Status: Accepted Date: 2026-02-11 Authors: ruv.io, RuVector DNA Analyzer Team Deciders: Architecture Review Board Target Crates: ruvector-attention, ruvector-sparse-inference, ruvector-graph, ruQu, ruvector-fpga-transformer, ruvector-dag-wasm, ruvector-core


Version History

Version Date Author Changes
0.1 2026-02-11 RuVector DNA Analyzer Team Initial proposal
1.0 2026-02-11 RuVector DNA Analyzer Team Practical pipeline spec with DAG orchestration

Context

Genomic variant calling (identifying differences between sequenced DNA and a reference genome) is the bottleneck in clinical genomics.
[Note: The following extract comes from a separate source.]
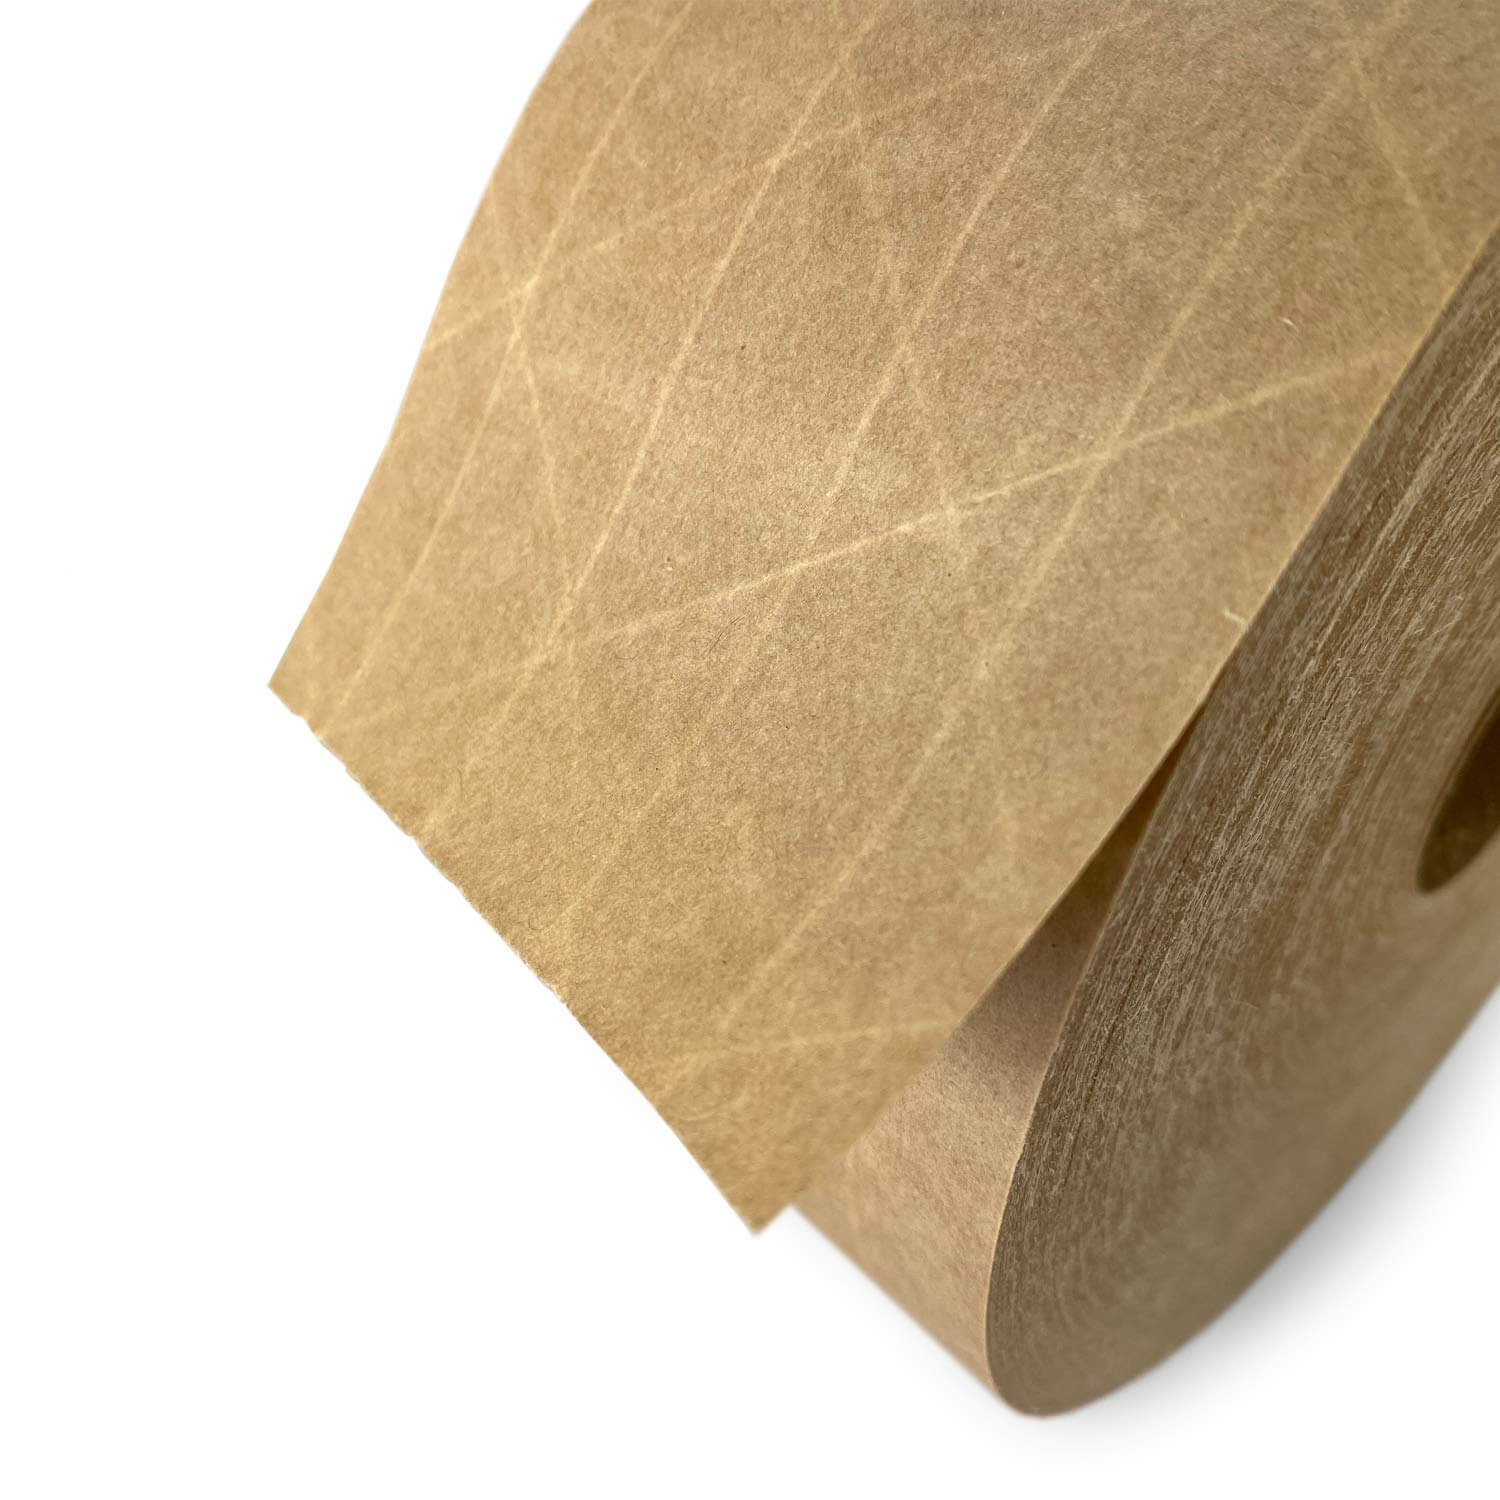 UOFFICE Kraft Paper Roll 600'x48 50lb Strength Brown Shipping Paper Fill
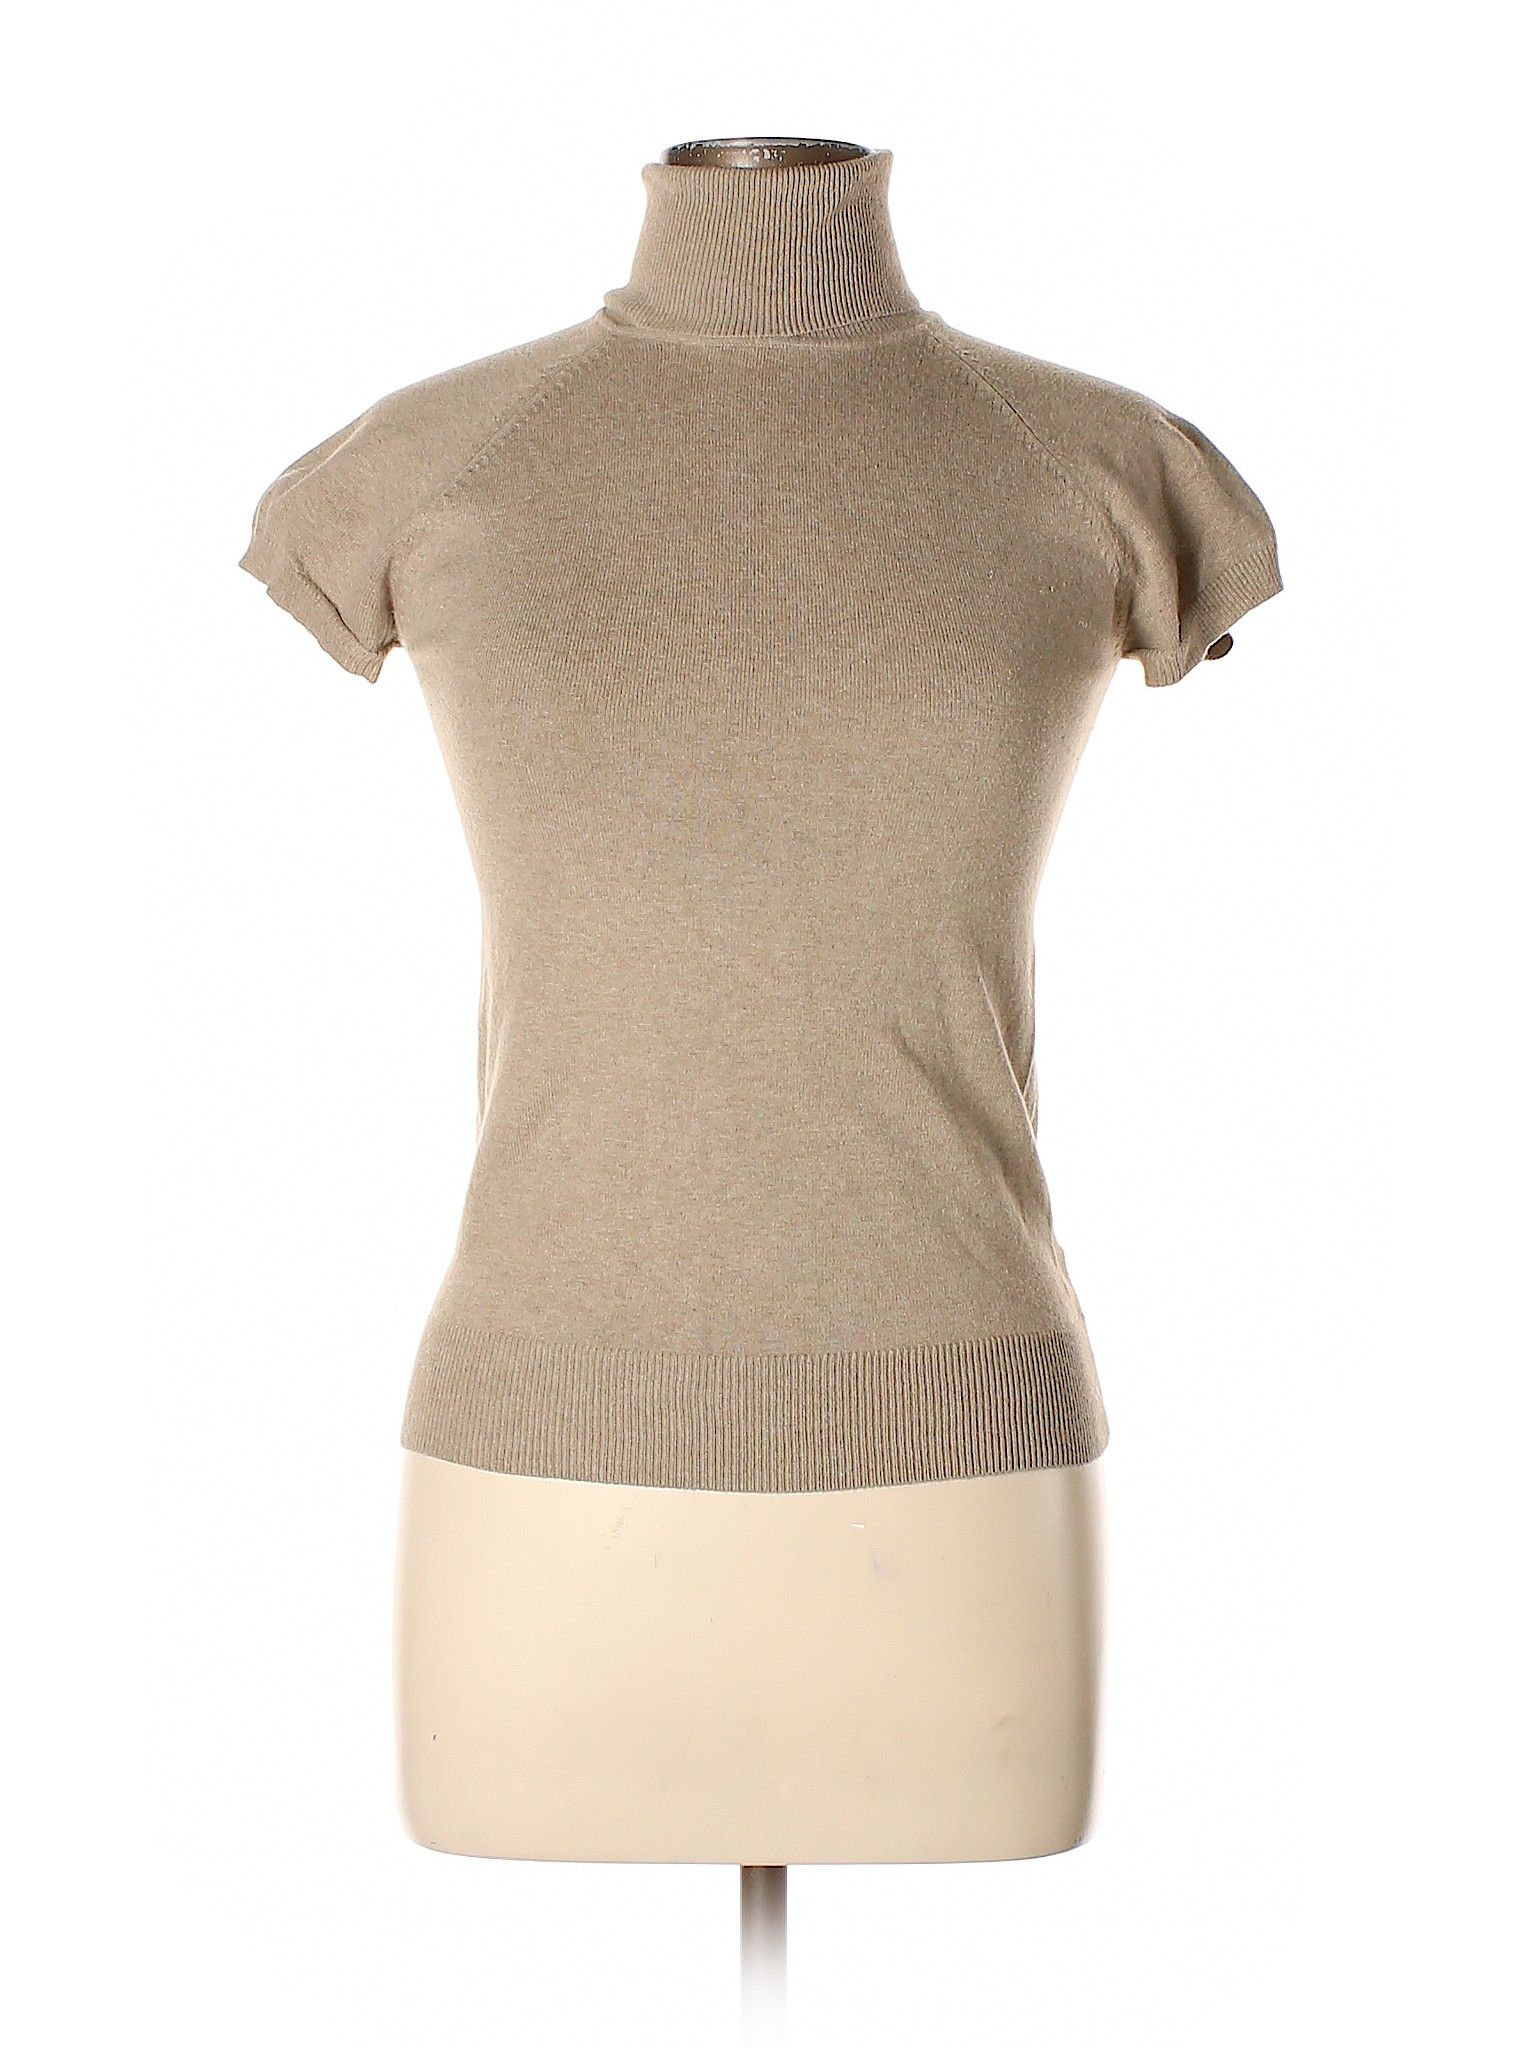 Zara Turtleneck Sweater Size 8: Tan Women's Tops - 44142532 | thredUP

No existing caller achieves high sensitivity across all variant types simultaneously.

Current State-of-the-Art (SOTA)

Caller SNP Sensitivity Indel Sensitivity SV Sensitivity Key Limitation
DeepVariant (Google 2018) ~99.7% ~97.5% N/A CNN receptive field limits indel size
GATK HaplotypeCaller ~99.5% ~95.0% N/A Local assembly heuristics miss complex events
Octopus ~99.6% ~96.0% N/A Single-platform only
Clair3 ~99.5% ~96.0% N/A Long-read only, no short-read support
Dragen (Illumina) ~99.6% ~96.5% ~80% Proprietary, FPGA-locked to hardware
Manta + Strelka2 ~99.3% ~94.0% ~75% Separate SV/small variant pipelines
GATK-SV N/A N/A ~70-80% High false positive rate
Sniffles2 (long-read) N/A N/A ~90% Long-read only

RuVector advantage: Multi-modal ensemble combining attention, GNN, HNSW search, quantum optimization, and FPGA acceleration to achieve >99.9% sensitivity across all variant types with a unified pipeline.


Decision

DAG-Orchestrated Multi-Modal Ensemble Pipeline

Implement a variant calling pipeline as a directed acyclic graph (DAG) where each node is a variant detection model and edges represent data dependencies. The pipeline processes FASTQ → alignment → pileup → variant calling → annotation using ruvector-dag-wasm for orchestration and multiple detection strategies per variant class.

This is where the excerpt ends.